_LISTED RECORDS_
-- Opening Marker --
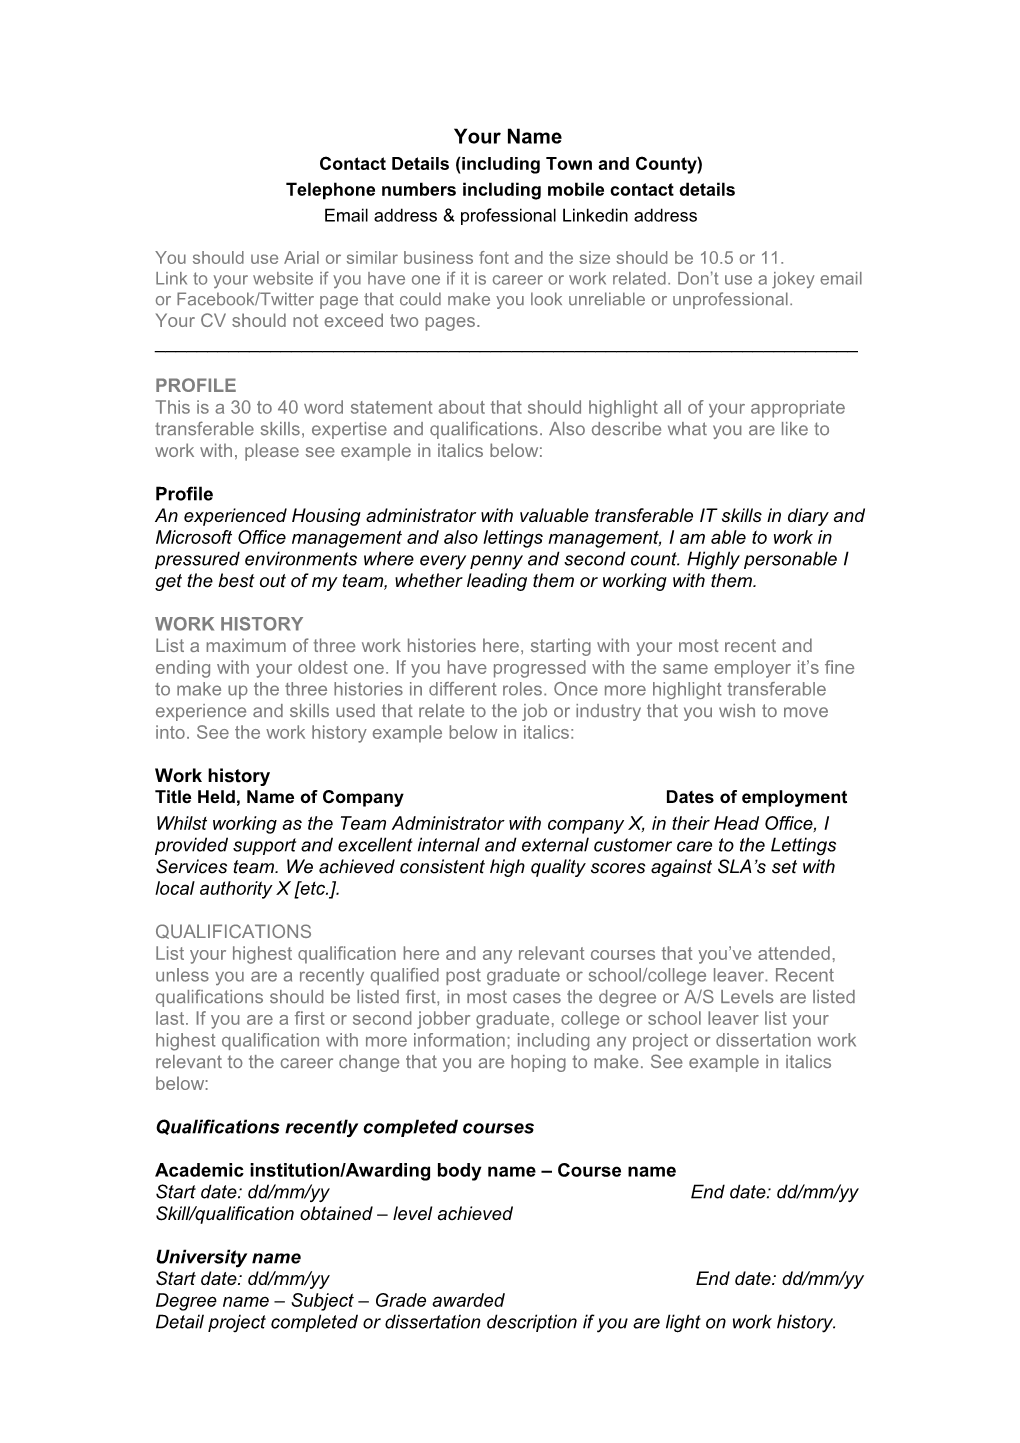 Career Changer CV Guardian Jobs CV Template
-- Closing Marker --
-- Opening Marker --
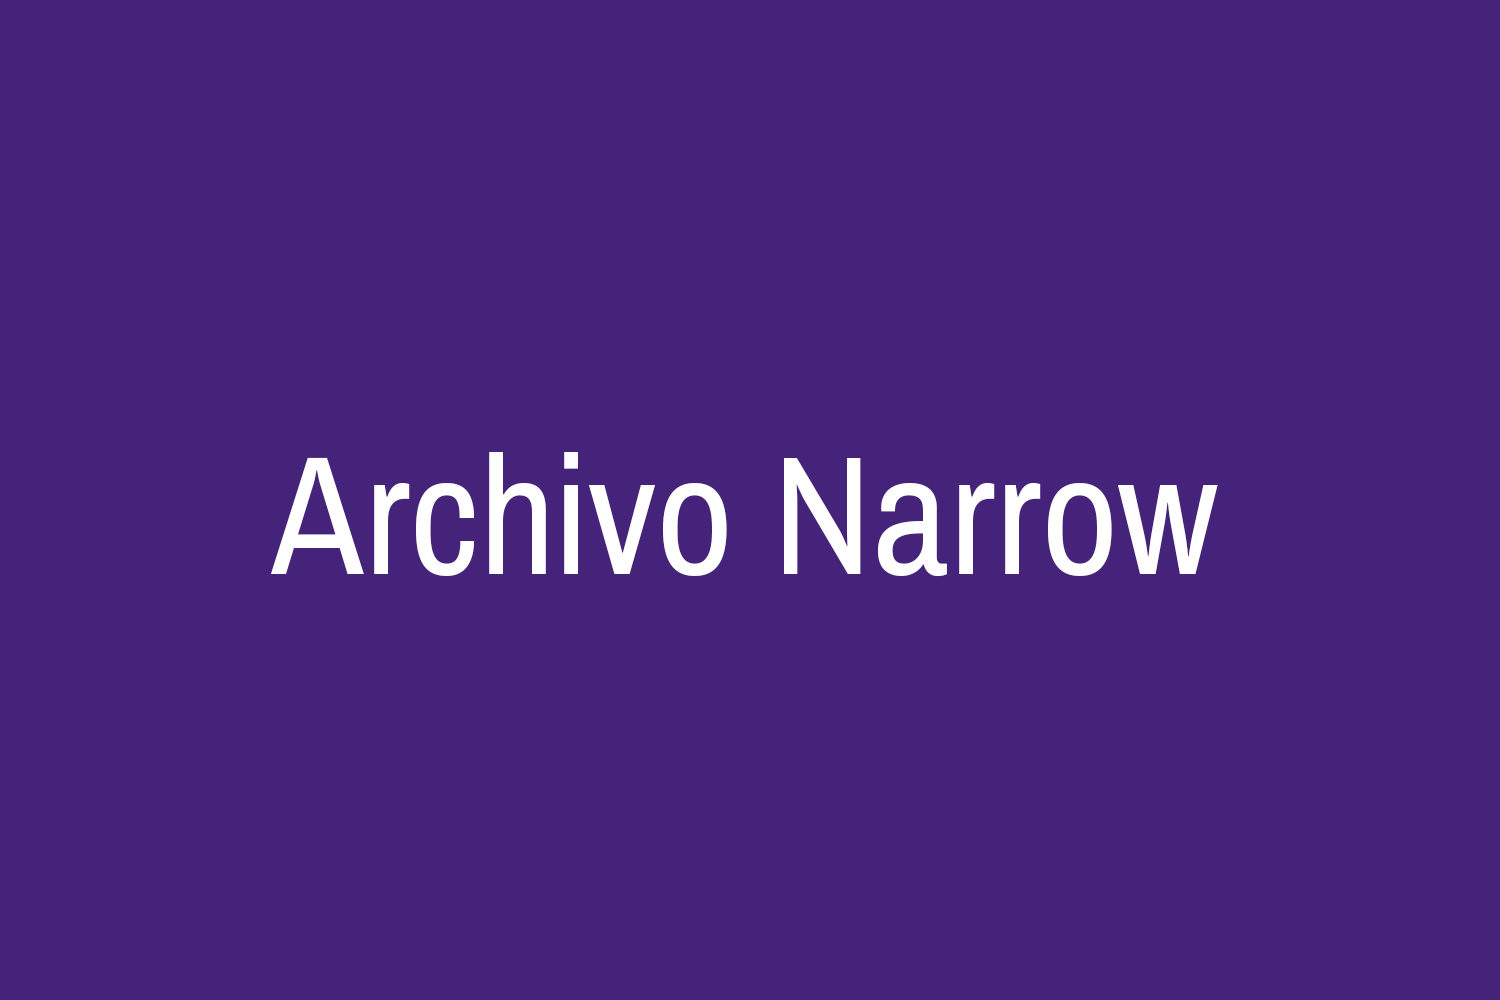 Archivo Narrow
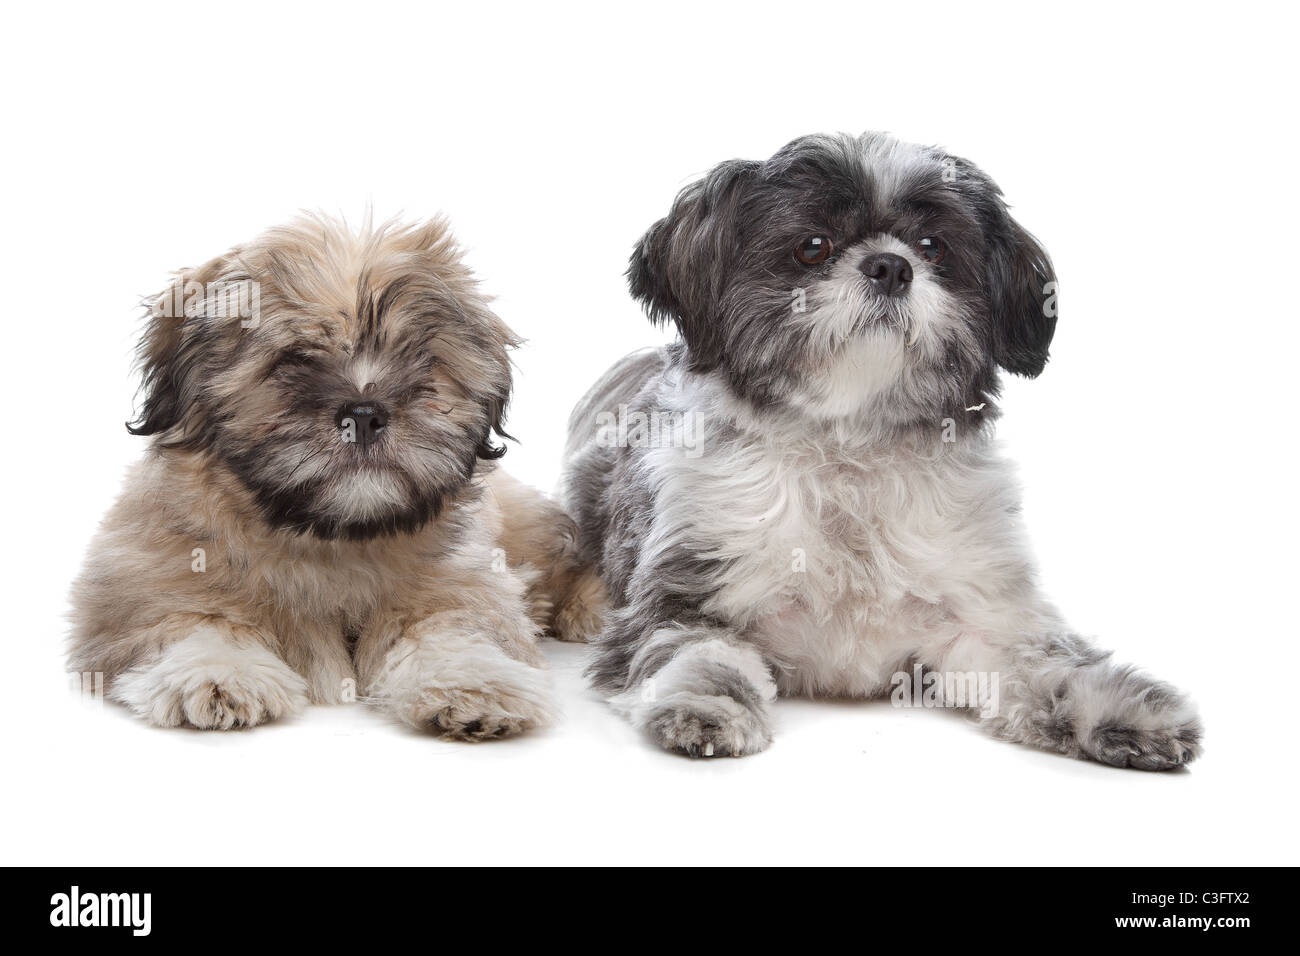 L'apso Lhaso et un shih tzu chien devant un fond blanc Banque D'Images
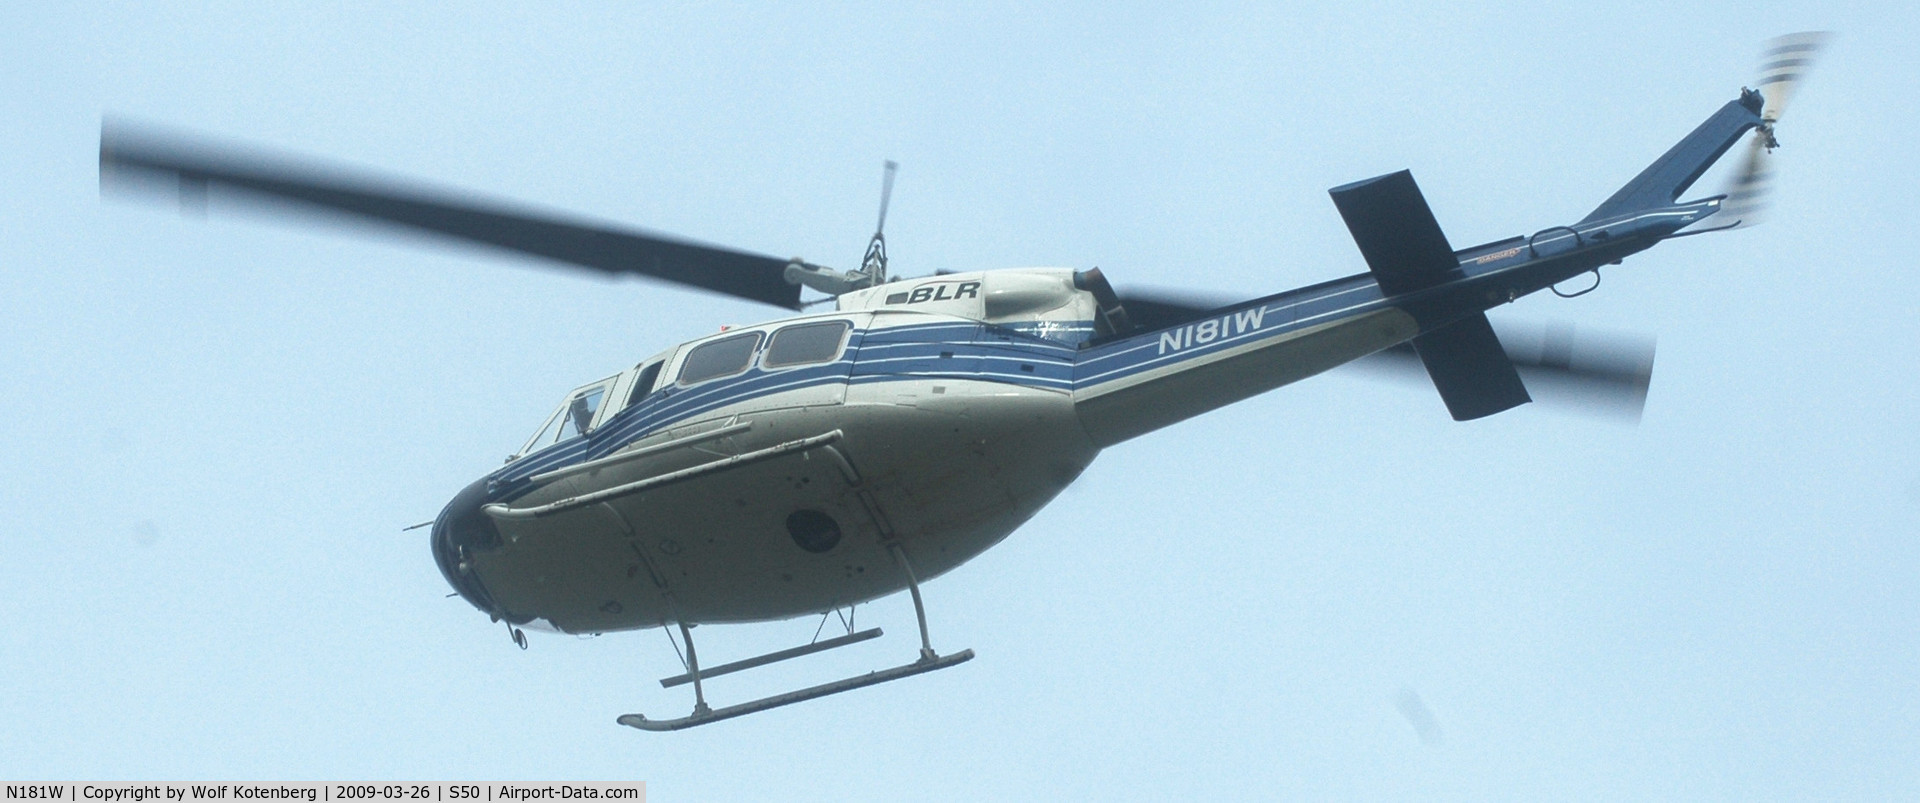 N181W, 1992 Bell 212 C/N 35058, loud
-- Closing Marker --
-- Opening Marker --
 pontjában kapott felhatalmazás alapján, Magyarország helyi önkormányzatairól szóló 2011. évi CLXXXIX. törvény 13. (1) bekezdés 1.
-- Closing Marker --
Repeat the lines above exactly, beginning with the one containing "L'apso Lhaso et" and finishing with the one containing "N181W, 1992 Bell 212 C/N 35058, loud". No pictures belong in the copy.

 L'apso Lhaso et un shih tzu chien devant un fond blanc Banque D'Images
 N181W, 1992 Bell 212 C/N 35058, loud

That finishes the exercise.